- What you will do
Every line from the one containing "Sheet Music image" to the one containing "Dynamika rozwoju współczesngo" in the records below, both included, must be set down exactly, and no other line.

- Records supplied
******
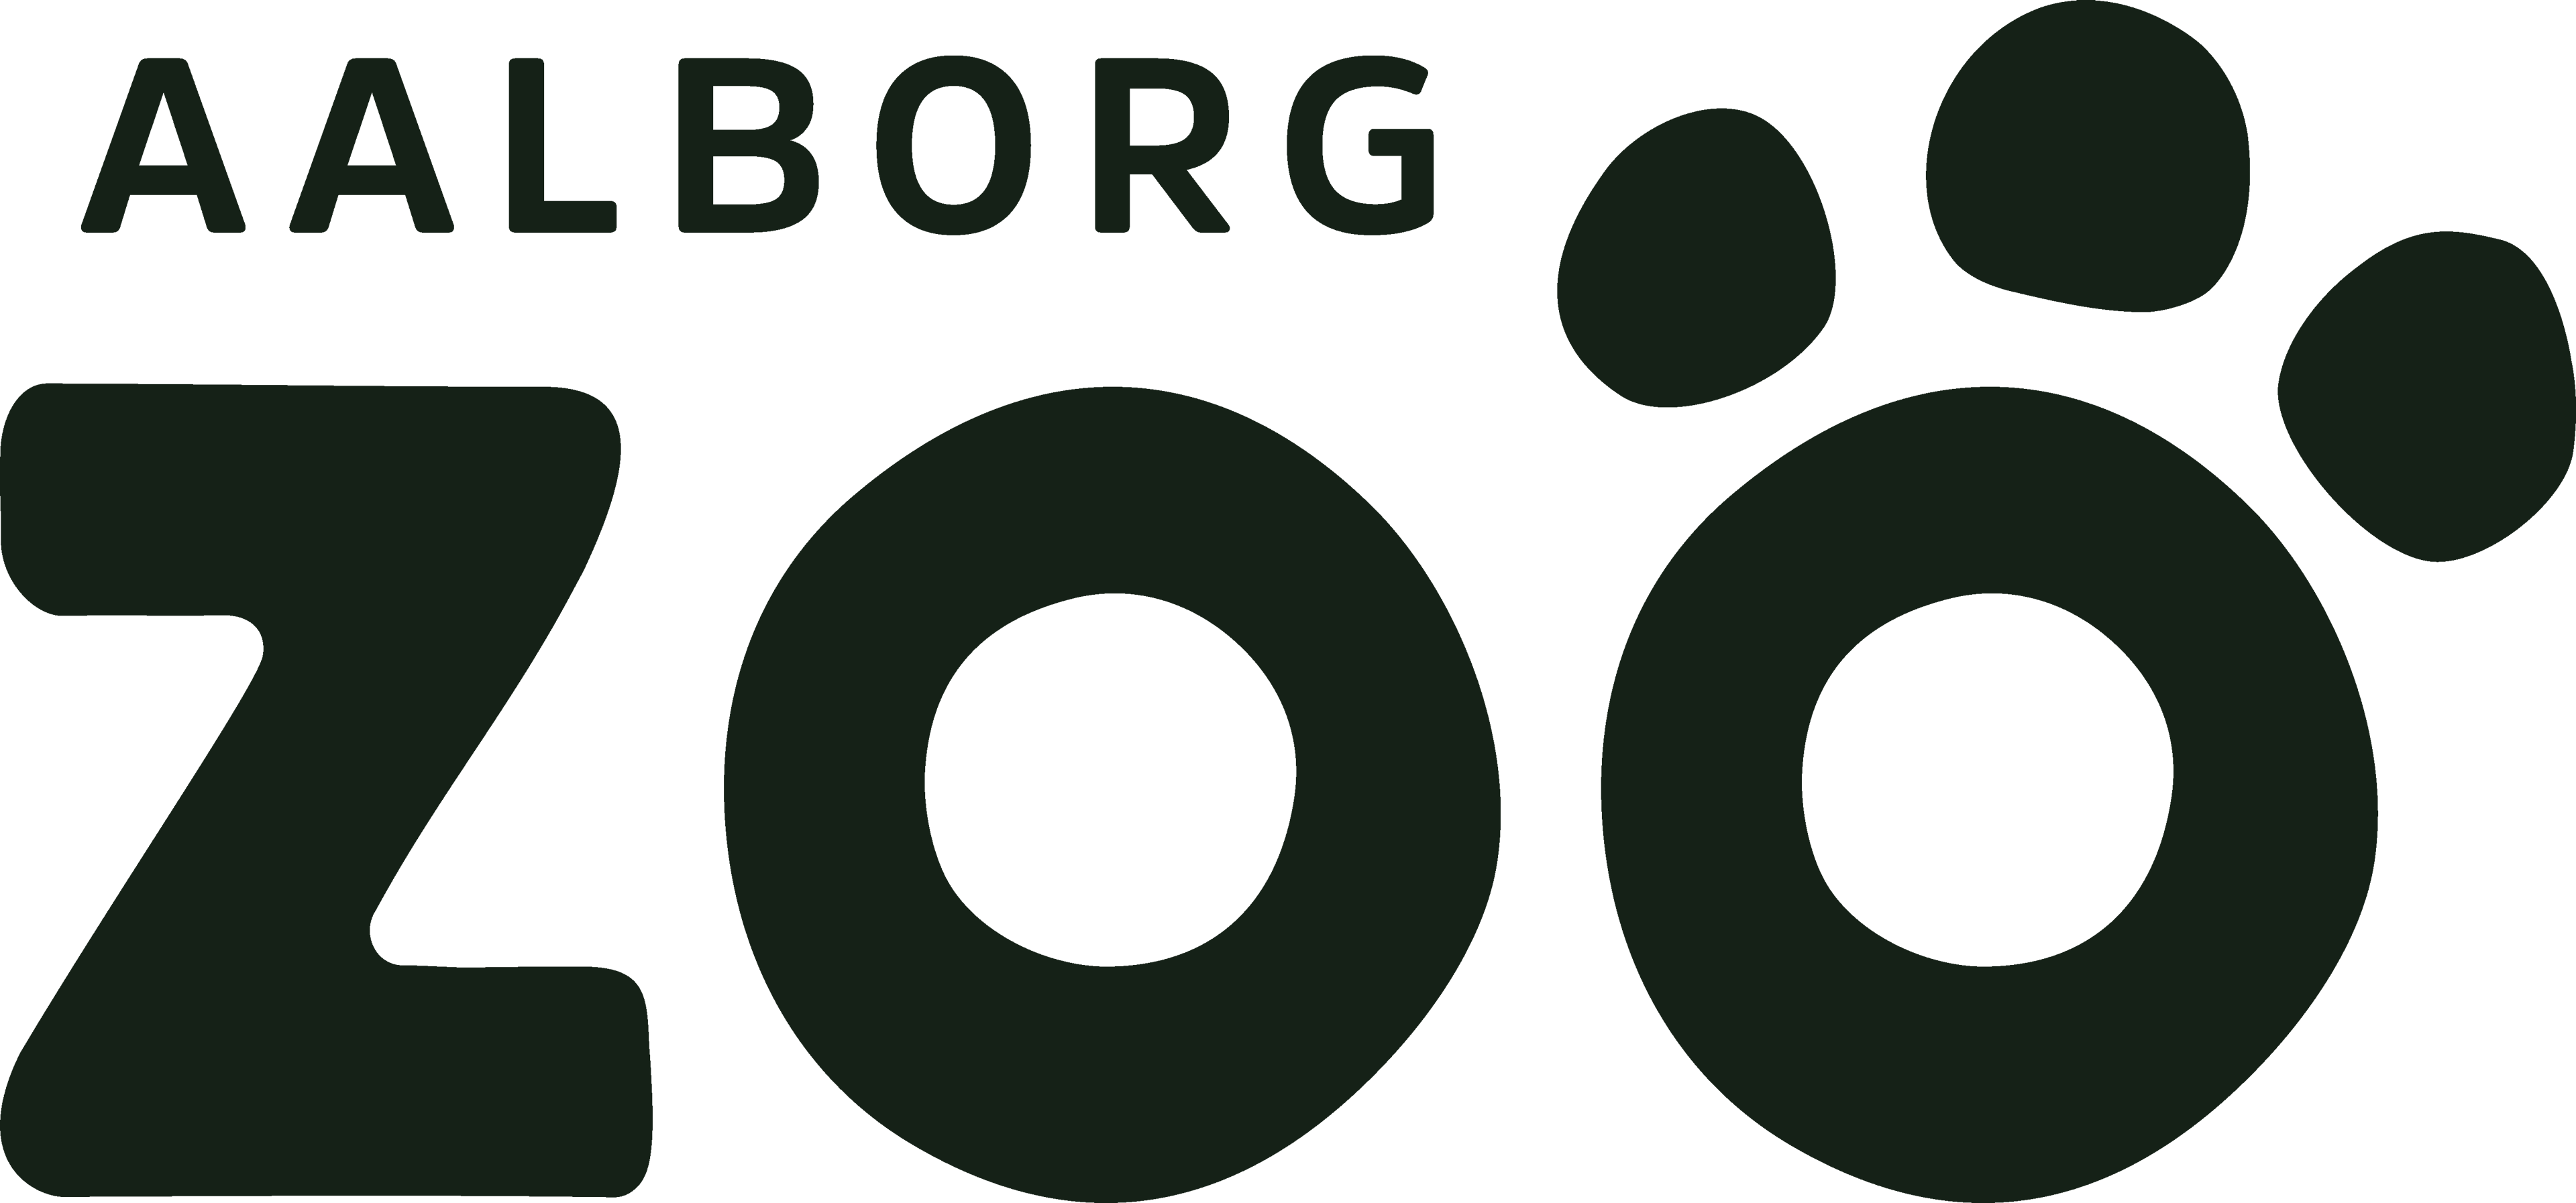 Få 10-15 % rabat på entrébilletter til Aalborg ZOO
******
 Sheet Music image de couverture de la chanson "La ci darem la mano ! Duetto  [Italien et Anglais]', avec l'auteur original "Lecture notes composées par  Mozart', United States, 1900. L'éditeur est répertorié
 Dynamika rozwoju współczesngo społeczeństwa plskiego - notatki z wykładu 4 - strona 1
******
- Exercise solution
 Sheet Music image de couverture de la chanson "La ci darem la mano ! Duetto  [Italien et Anglais]', avec l'auteur original "Lecture notes composées par  Mozart', United States, 1900. L'éditeur est répertorié
 Dynamika rozwoju współczesngo społeczeństwa plskiego - notatki z wykładu 4 - strona 1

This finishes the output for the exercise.